Since you can’t represent real numbers on a digital computer exactly, digital computers today deal with either integers or floating point numbers with a certain bit-level precision. We add a third data type that accounts for a distribution of values, representing the uncertainty around a data point and capturing what other outcomes may be possible, though not necessarily likely. Our challenge was creating an efficient representation of a distribution, as digital computers only have a limited number of bits to use to represent any distribution.
There are several naive ways you could try to solve the problem, such as representing a distribution by its first N moments, but such methods don’t work as well as the methods we came up with and ultimately implemented. Our approach is very efficient in representing any kind of distribution and then efficiently doing any sort of arithmetic with it. Our goal is really to make the best use of the bits we have and ensure calculations work fast and smoothly.

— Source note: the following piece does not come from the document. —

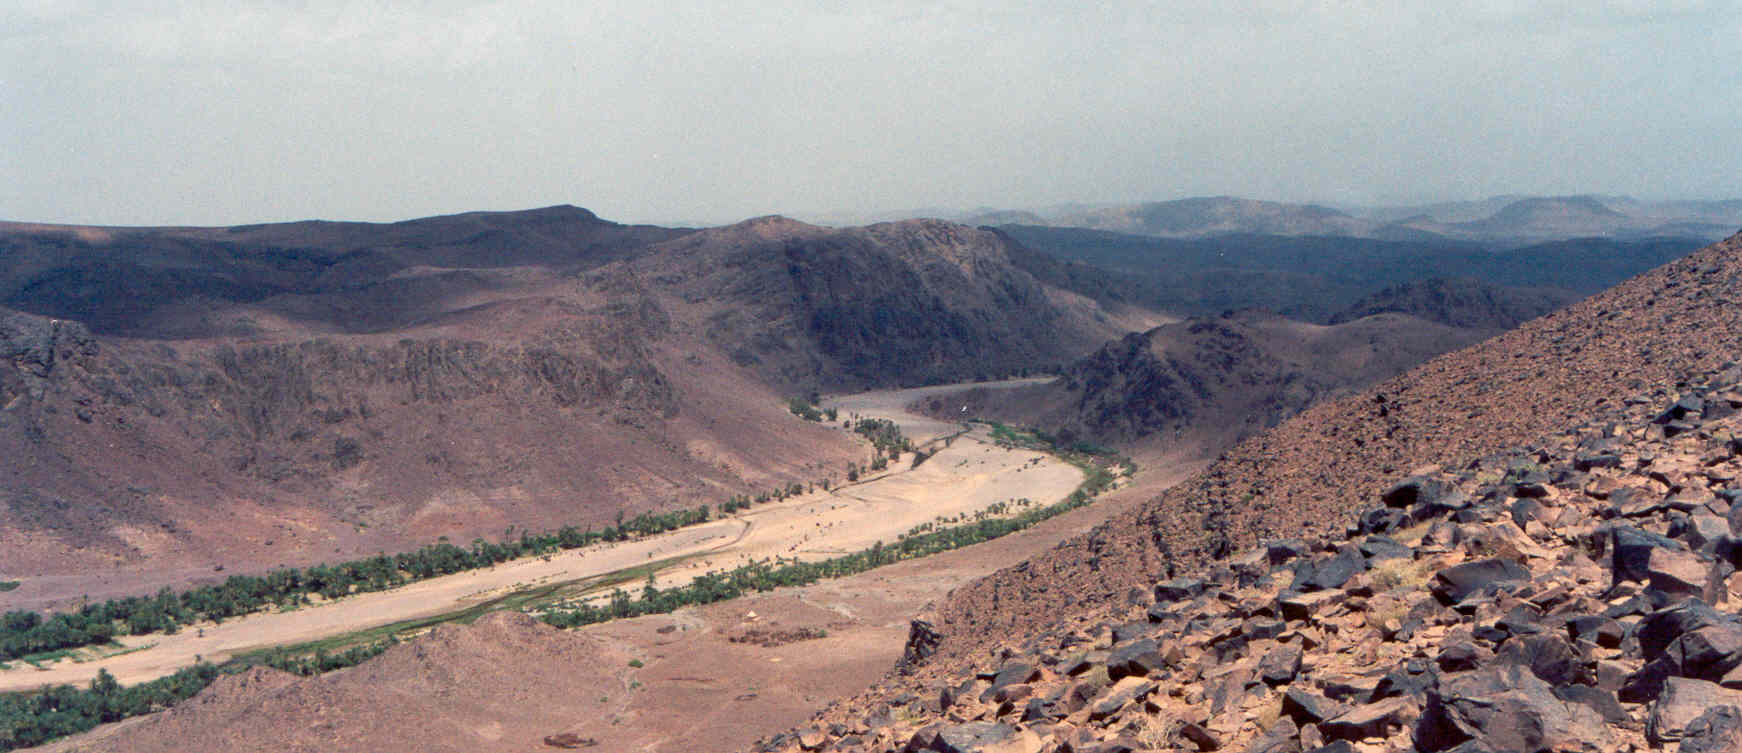 Fint - Ouarzazate

You can sign up to use our developer platform with just three clicks and try it out yourself. In addition to the proprietary applications we are working on with select customers, we have a few example applications shared with the public on GitHub, ranging from simple kernels to complete applications in materials engineering and hybrid quantum-classical computing. For those interested in the big-picture implications of our technology, earlier this year, we put together a concise high-level video about Signaloid, targeted at a non-technical audience.
How Did You Evaluate Your Startup Idea?
Starting as a faculty member at the University of Cambridge, I had the safety of the university environment to try out all the risky things that may not work and get the technology to a point where it was worth taking a leap of faith and founding a company.

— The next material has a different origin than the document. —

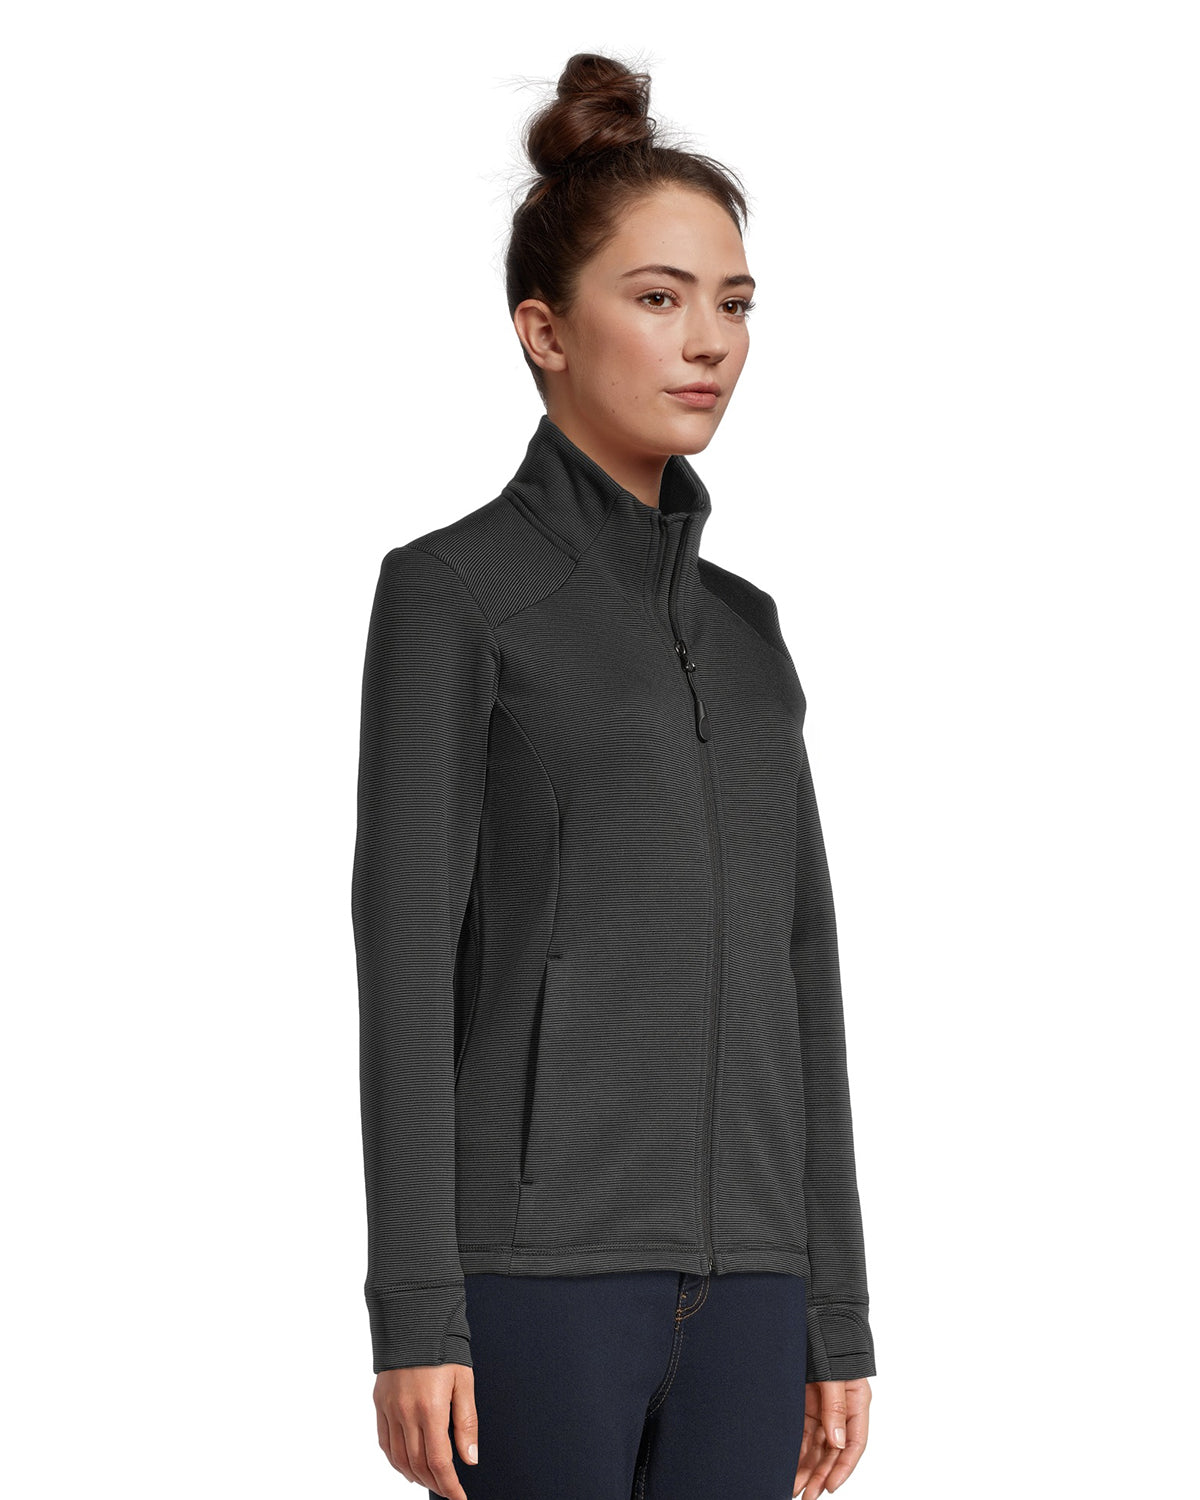 Aspire Women's Microstripe Brushback Fleece Jacket

The goal from day one was to validate the commercial potential of our solution as quickly as possible. This influenced our decision to implement the solution using a virtualization layer, allowing us to make any hardware acceleration or custom silicon we implement a purely operational detail that does not affect the abstraction layer seen by our customers. I think it is important to be product and customer-focused and to have a product that is being used by paying customers as early in the company’s evolution as possible. That way, we can have greater confidence that we are solving the problems that paying customers care about.
We currently have over 1900 developers who have signed up organically for one of our product tiers (Free, Developer, Developer+API, and Enterprise). In addition to having a product that any individual or organization can sign up and use today, we have been working with both SMEs and large Fortune 500 corporations to run pilot proof-of-concept projects with the aim of translating those pilots into recurring revenue. In recent months, we have started an active outbound sales activity targeting potential customers in our priority verticals of finance and manufacturing, as well as working with horizontal channels like cloud service providers.

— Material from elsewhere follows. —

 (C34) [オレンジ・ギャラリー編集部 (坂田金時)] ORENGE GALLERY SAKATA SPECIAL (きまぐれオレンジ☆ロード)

What Advice Would You Give Fellow Deep Tech Founders?
It’s very difficult to hire strong candidates. There are various strategies for dealing with this, and one of our angel investors, Catherine Lenson, has written a brilliant LinkedIn piece on this. In short, advertise on various platforms and be open to going remote-first. In Cambridge, we may only get a dozen or so applications, but someone in Barcelona might not be looking for a job in Cambridge. We had good experiences with going remote-first and advertising local copies of our job ads tailored to cities with strong universities like Cambridge, Munich, Copenhagen, Barcelona, and Eindhoven.
Last but not least, we are delighted that we had the chance to participate in the Intel Ignite startup program. It is amazing, and you should give it a look too.